Even though male and female nature is a basic core belief of those who are right leaning, right-leaning policymakers too often do not know how to actualize the best practices when it comes to helping males thrive. They do, however, recognize that systemic practices in government policies avoid issues around things like fatherlessness and family formation, but they are too often afraid to speak up for fear of a backlash from the feminist lobby, what Michael Gurian (in Boys, A Rescue Plan) refers to as feminaphobia, a tendency to denote our personal and cultural fear of feminists and the projected monolith of the feminist/women’s lobby.

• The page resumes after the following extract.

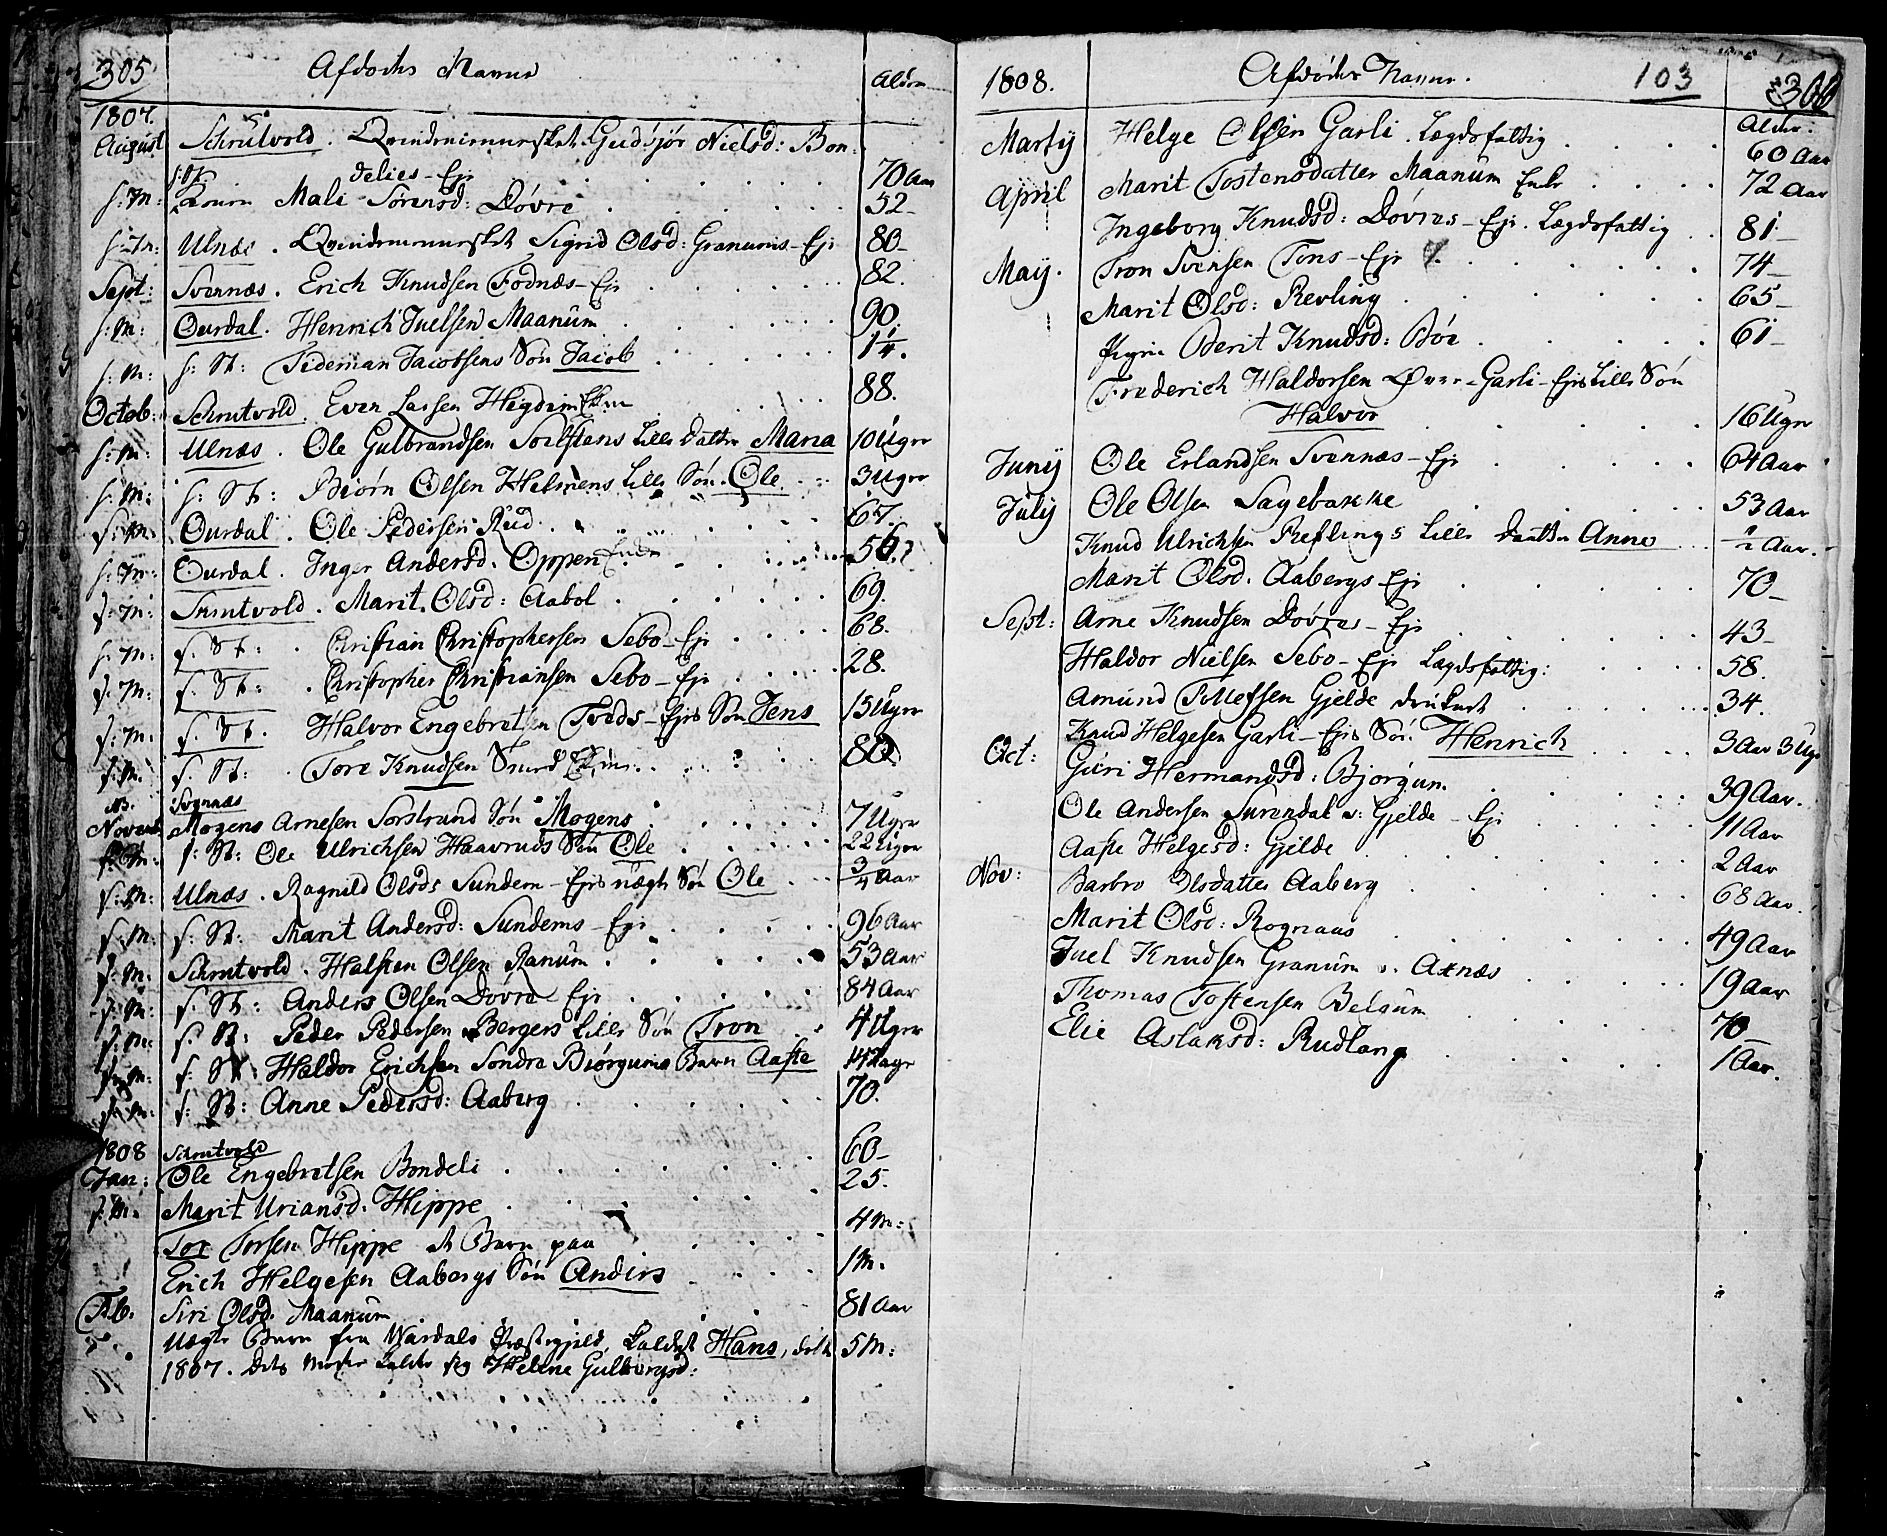 SAH, Aurdal prestekontor, Ministerialbok nr. 7, 1800-1808, s. 103

There is, after all, a widely supported feminine industrial complex working for the causes of women and girls but too often at the expense of boys and men. This should not be a zero sum game, but it has become one.
Right-leaning policymakers see the impact of the left-leaning identity politics and the unwillingness to address the more complex nature of male and female difference. Where the left is more willing to look at identity, the right is more willing to look at sex-difference.
Black boys, for instance, struggle more than Asian boys in various life measures and something well founded in Boys, A Rescue Plan. But it has less to do with identity, being black for instance, and more to do with being a boy in a fatherless home, as boys of all races are behind their female counterparts in all areas of despair and education and across income quartiles.
Two House Bills in Washington and the Conflict of Visions
Spending the time to read through two House Bills (HB 2461 and HB 2401) in Washington State, that aim to create a commission on the status of boys and men, reveals the way conflicting visions too often drive us away from root causes. The visions are far apart enough that it seems as though there is no common ground, particularly in places like Washington, where a one-party vision is more likely in a one-party state, so finding middle ground is nearly impossible—or pretending to is more to the point.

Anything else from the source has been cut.